Hemodynamics of the omphalo-mesenteric arteries in stage 18 chicken embryos and "flow-structure" relations for the microcirculation.

OBJECTIVE

The primary objective of this study is to evaluate the hemodynamic and structural characteristics of the omphalo-mesenteric (vitelline) arteries in stage 18 chicken embryos.

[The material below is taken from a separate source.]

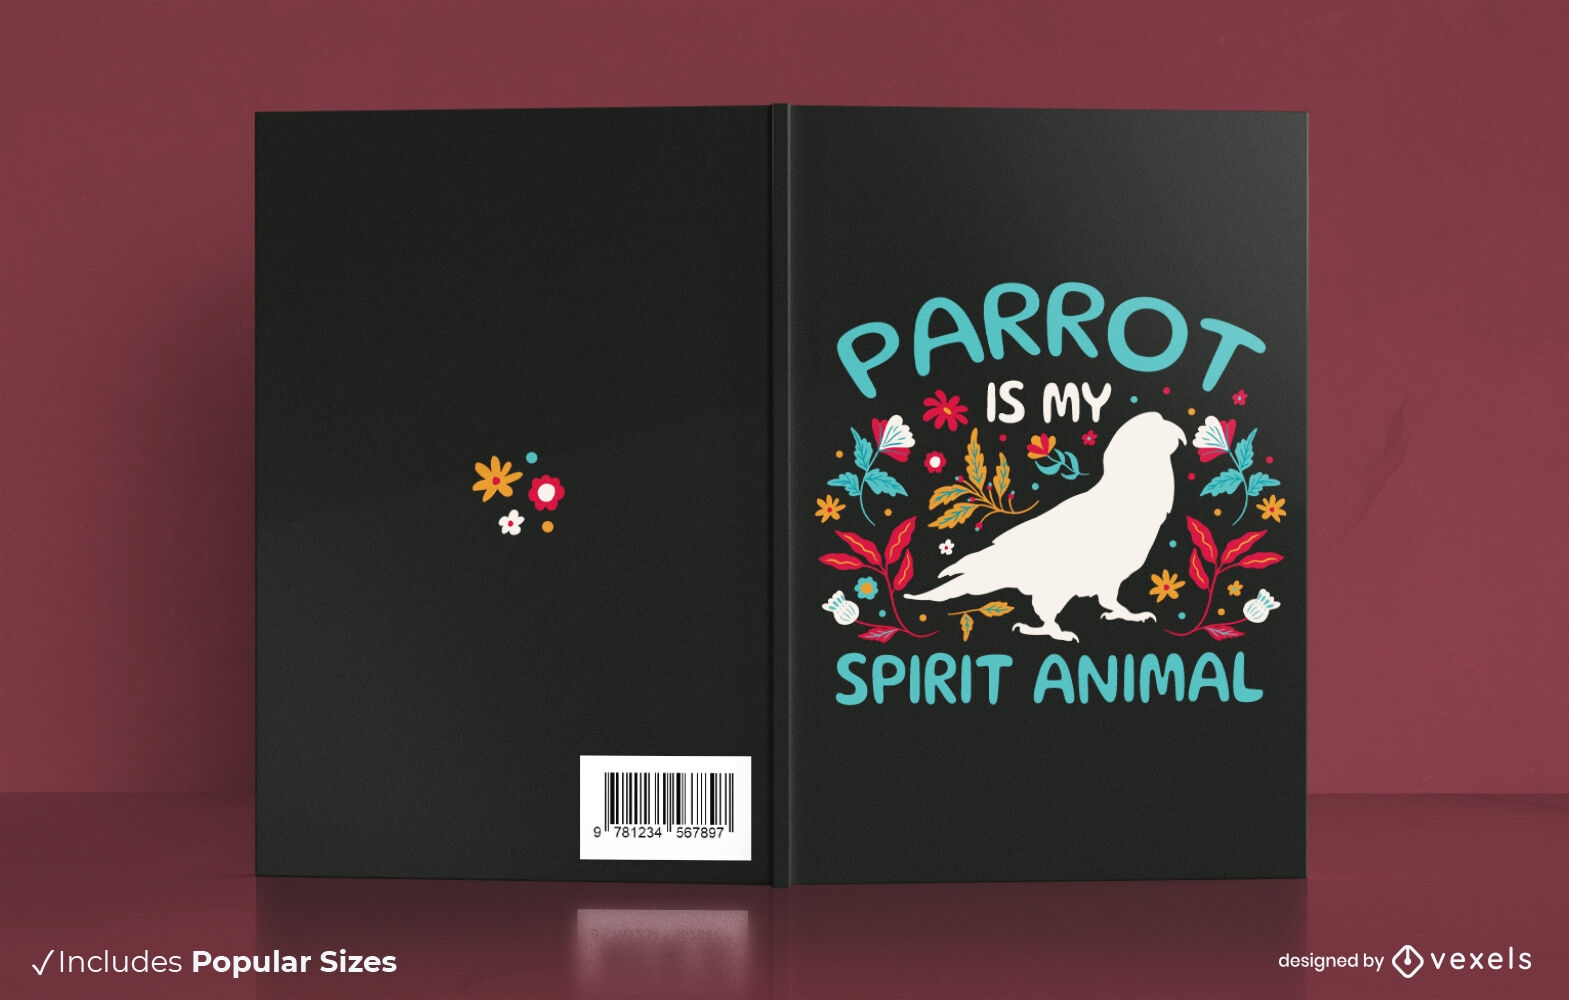 Parrot spirit animal book cover design

The measured results were compared with Murray's law to validate the theoretical prediction on the vascular structure.

METHODS

Variation of hemodynamic parameters such as mean velocity (U(mean)), peak velocity (U(peak)) at the systolic phase, velocity fluctuations (U(fluc)) at the pulsatile frequency, and the Womersley number (Ω) were measured with respect to the geometric parameters including the bifurcation cascade level (BCL), vessel diameter (D), and distance (L) from the first bifurcation. They were assessed by using the time-resolved in vivo micro-PIV (particle image velocimetry) technique and the geometric information was obtained from the microscopic vessel images.

RESULTS

The effect of "branching of the vessel" on the variation of hemodynamic characteristics is similar to those of the "increase in distance" from the first bifurcation and the "decrease in vessel diameter". The flow quantities (U(mean), U(peak) and U(fluc)) decrease due to the increase in cross-sectional area ratio (γ=1.209=(∑D(daughter)(2))/D(mother)(2)), and the Womersley number also decreases as the bifurcation cascades (Ω«1).

CONCLUSION

The geometric parameters are closely related to the variation of hemodynamic characteristics. Murray's law with non-constant viscosity hypothesis would provide an insight on the two-phase nature of microvascular blood flows.